= John Copcot =

English cleric and academic (died 1590)

John Copcot, DD (died 1590) was an English cleric and academic, becoming Vice-Chancellor of the University of Cambridge and Master of Corpus Christi College, Cambridge.

==Early life and family==
Copcot was born in Calais, son of Adam Copcott, an English merchant. He was admitted as a scholar of Trinity College, Cambridge in 1562, and took his BA in 1566.

==Clerical career==
Copcot's clerical career began at Cambridge, and he was licensed as one of the preachers of the university in 1576. Copcot was a defender of the Anglican Church and its hierarchy, particularly against dissenters and Puritans. In the 1580s, he preached in London in favour of the established church.
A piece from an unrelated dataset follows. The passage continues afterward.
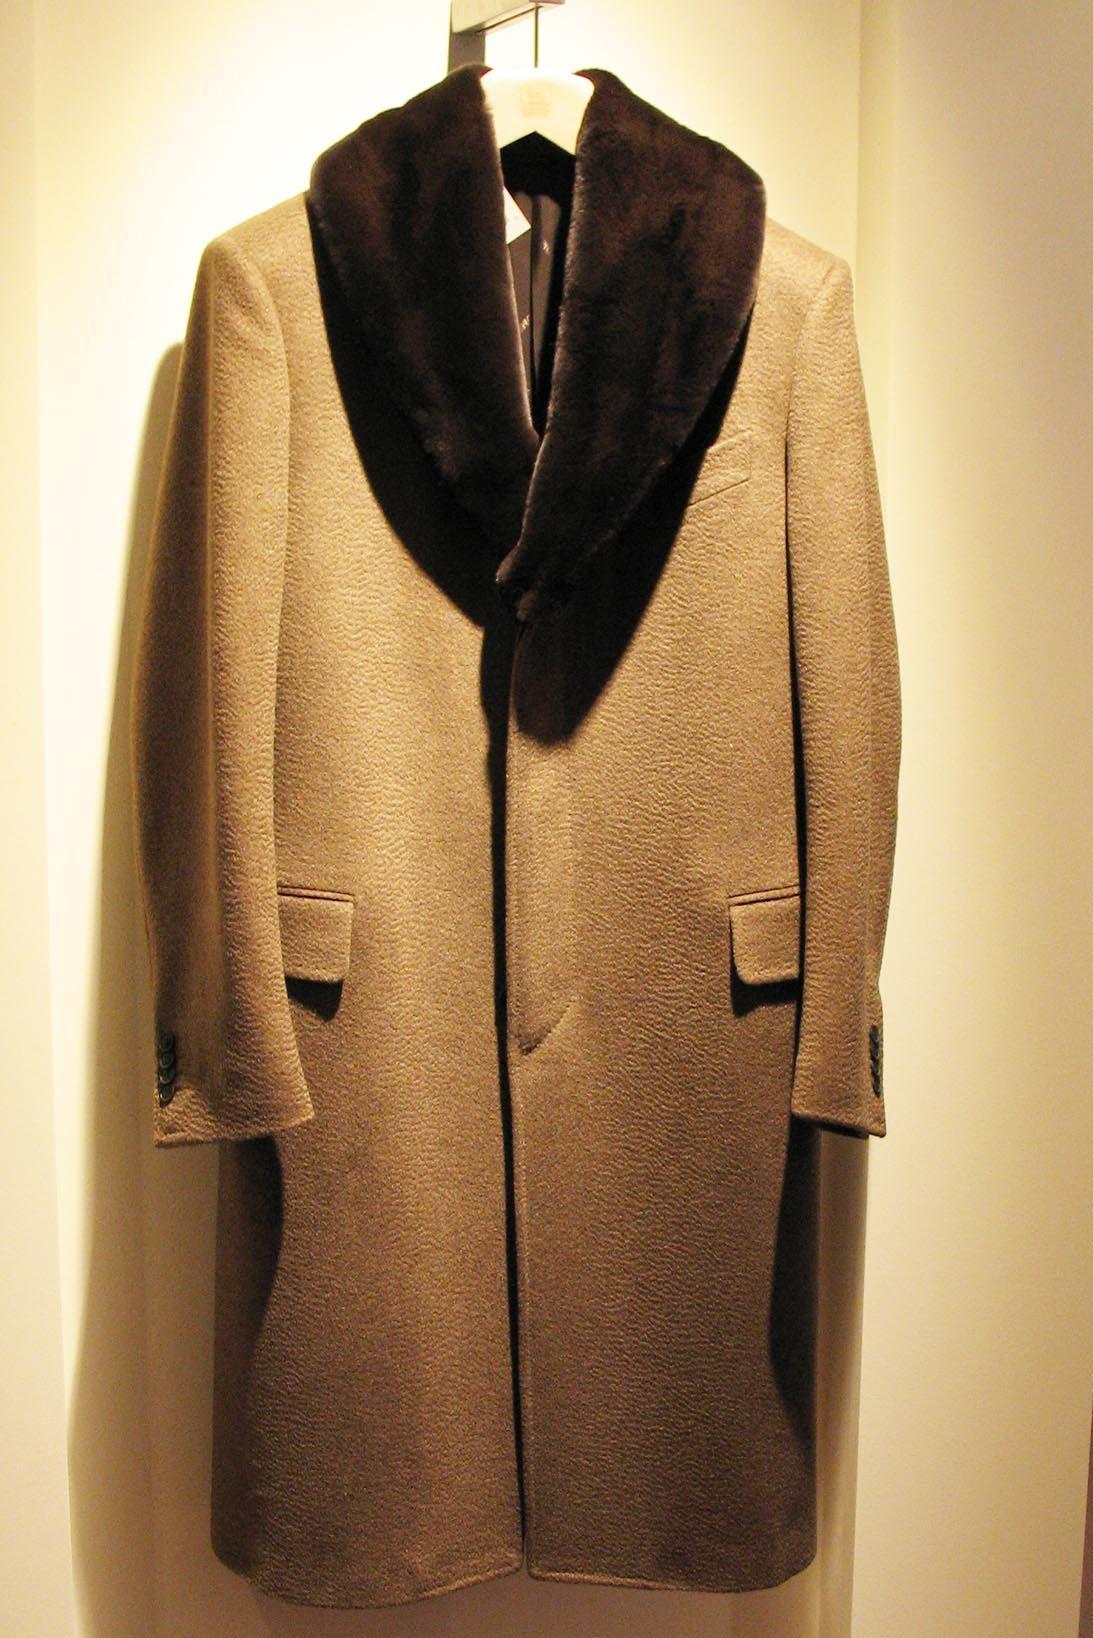 vicuña and mink overcoat dc9c9cb14b0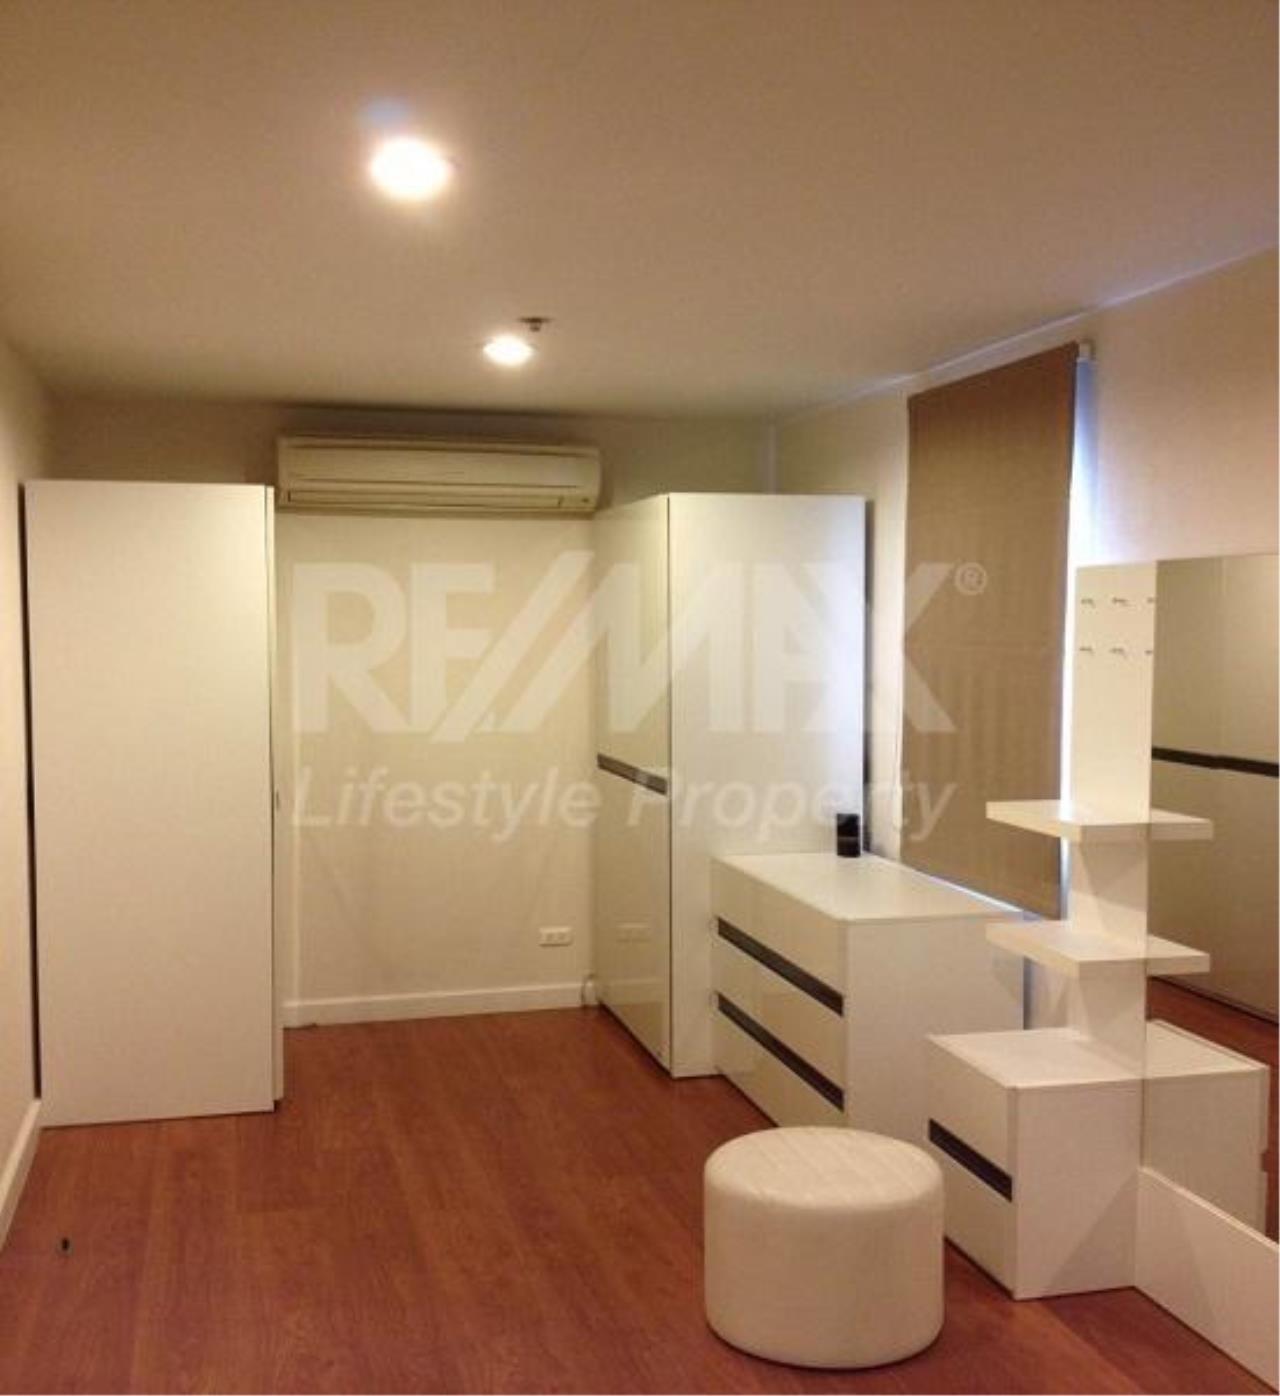 RE/MAX LifeStyle Property Agency's Condo One X Sukhumvit 26 4

The roles he held within the Church included non-resident rector of St Dunstan-in-the-East in London from 1580 to 1590 (in which role he sometimes represented the clergy of London in convocation); Prebendary in the church of Chichester from 1586 to 1590; Rector of Orwell, Cambridgeshire from 1586 to 1590; and Chaplain to John Whitgift, Archbishop of Canterbury.

==Academic career==
Copcot became a fellow of Trinity College in 1567 and took his MA in 1570. His specialty was as a critic in Latin and Greek and he had a reputation as a hard-working scholar and proponent of literary studies. He was awarded the degree of Bachelor of Divinity in 1577, and of Doctor of Divinity, the highest of the degrees awarded by the universities of Oxford and Cambridge, in 1582.

Copcot was appointed as Vice-Chancellor of the University of Cambridge in 1586, and was the last Vice-Chancellor who was not already head of a college.

His one-year term as Vice-Chancellor was characterised by conflict with radical Puritan interests at Christ College, Cambridge and elsewhere within the university, over which he was in communication with William Cecil, Baron Burghley, leading minister of Elizabeth I. As Vice-Chancellor, he took measures to suppress non-conformity; he also came into conflict with authorities representing the town.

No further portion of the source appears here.